__What this task involves__.
Your copy of the lines below must match them exactly and contain no images.

__Stored data__.
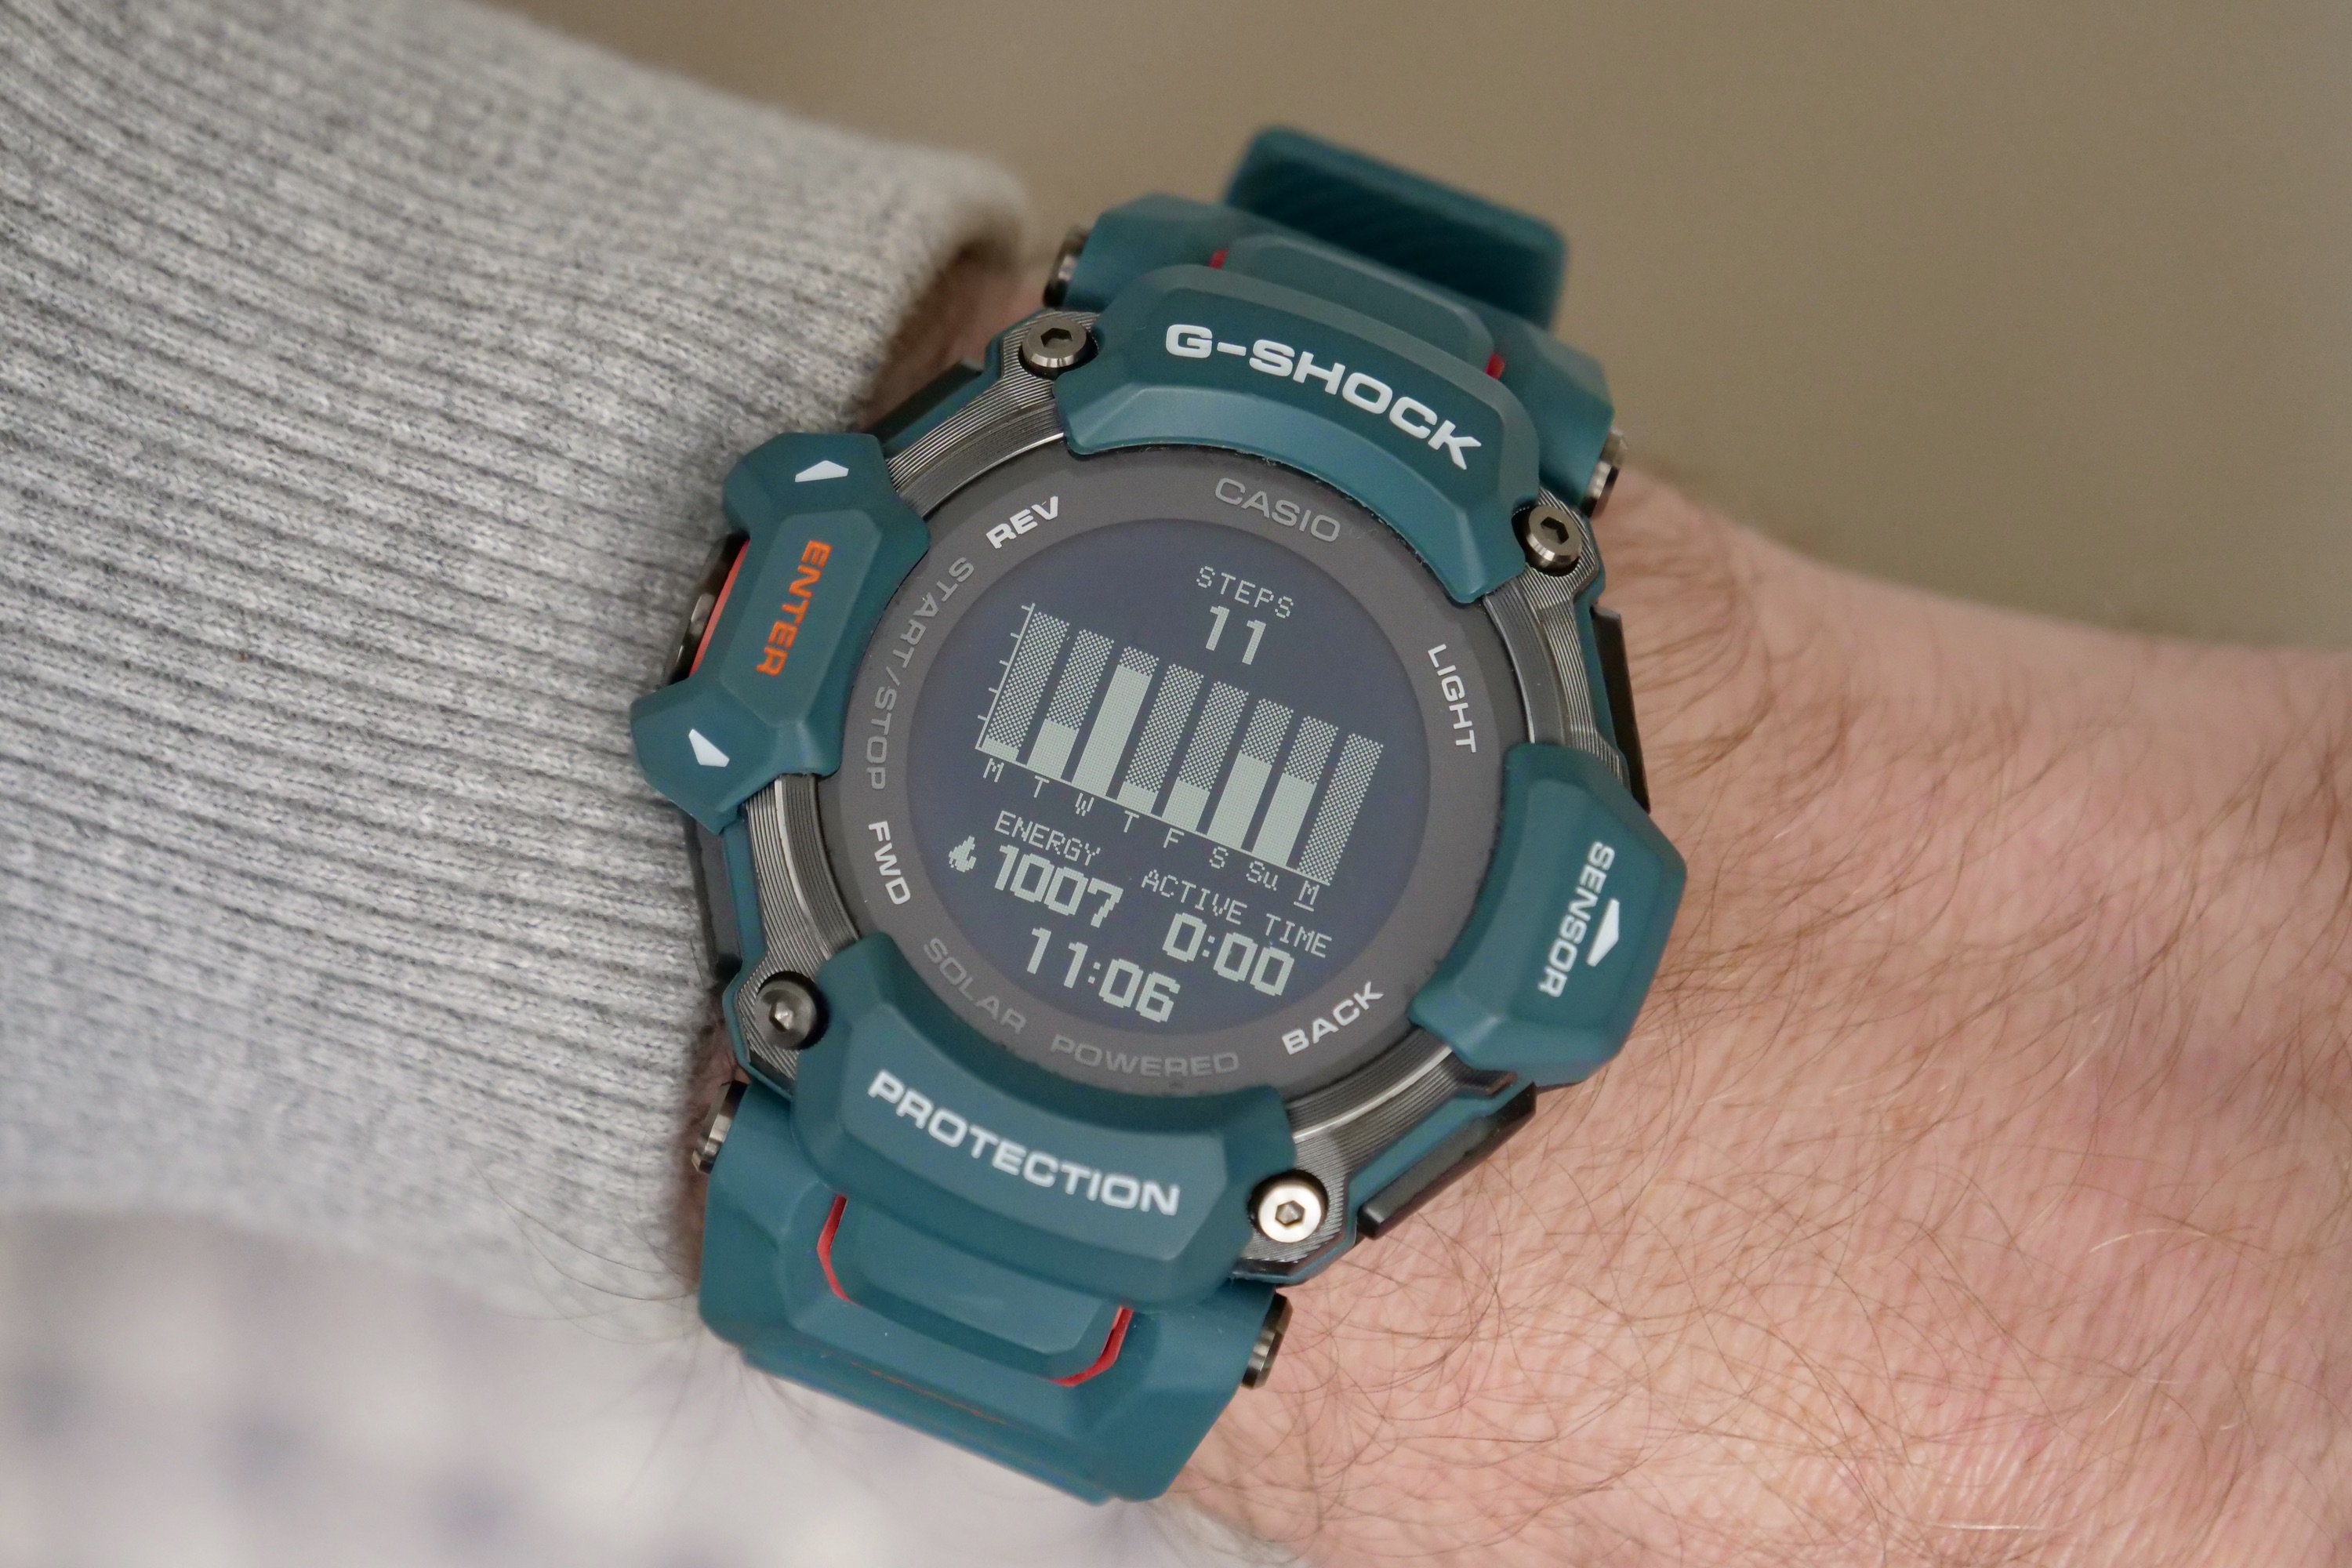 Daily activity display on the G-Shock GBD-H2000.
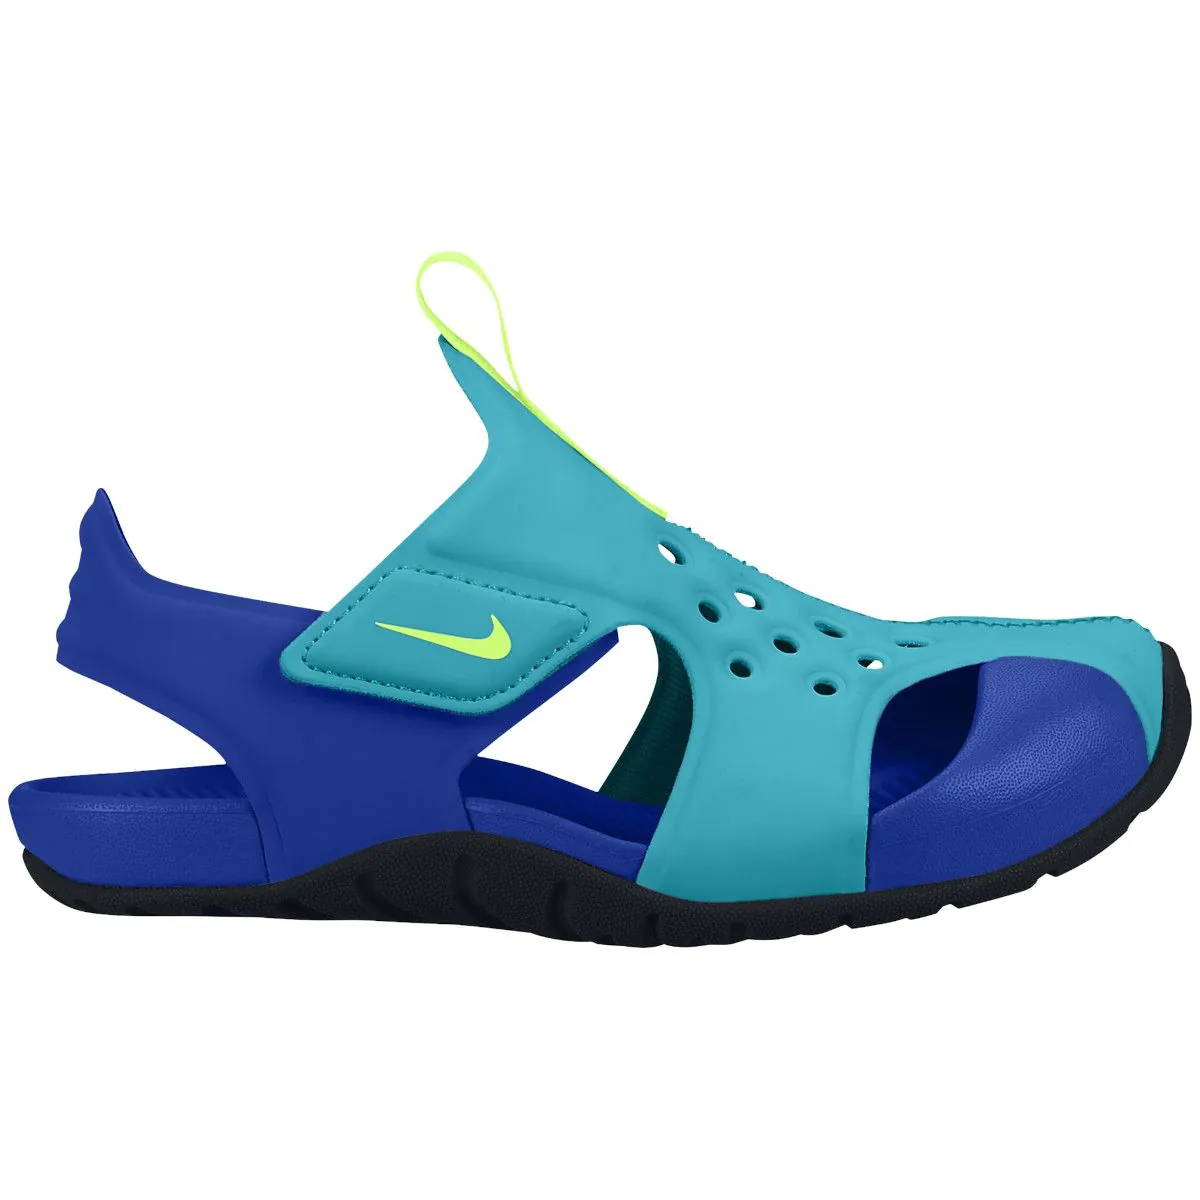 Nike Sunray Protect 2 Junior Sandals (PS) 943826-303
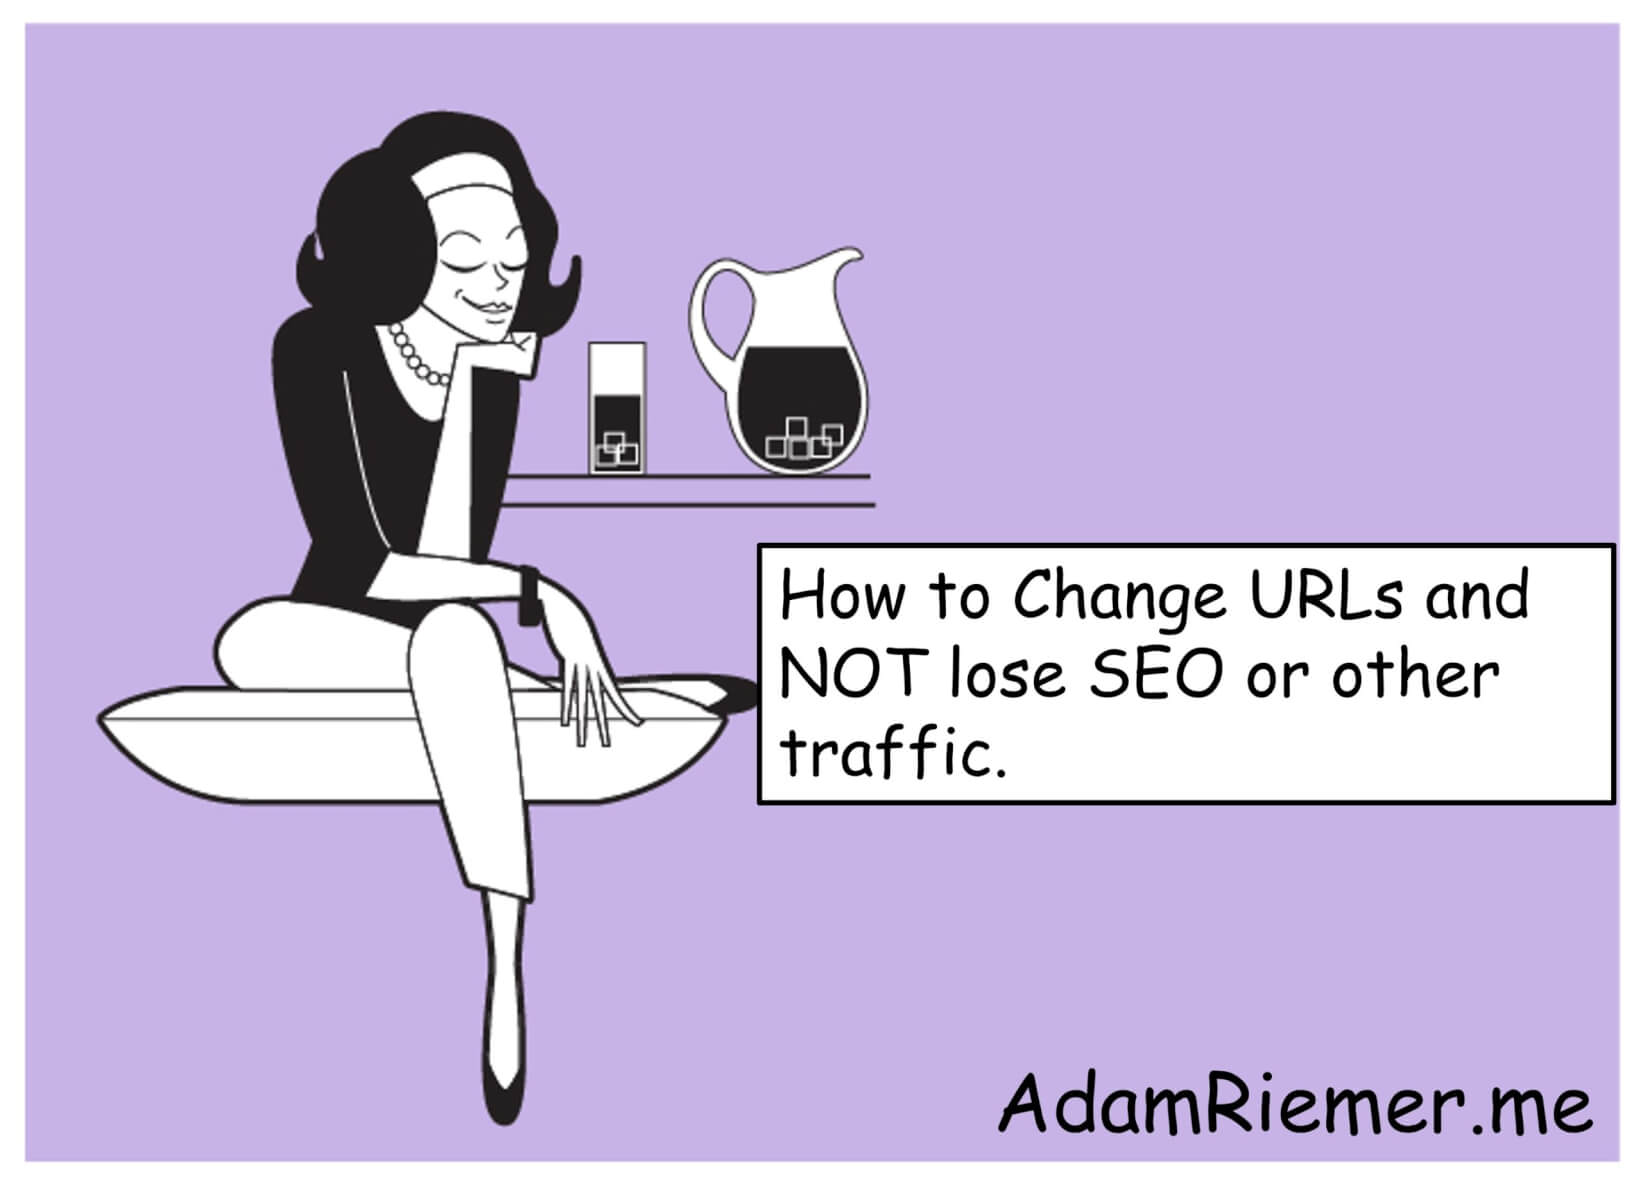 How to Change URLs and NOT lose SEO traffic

__Response__.
 Daily activity display on the G-Shock GBD-H2000.
 Nike Sunray Protect 2 Junior Sandals (PS) 943826-303
 How to Change URLs and NOT lose SEO traffic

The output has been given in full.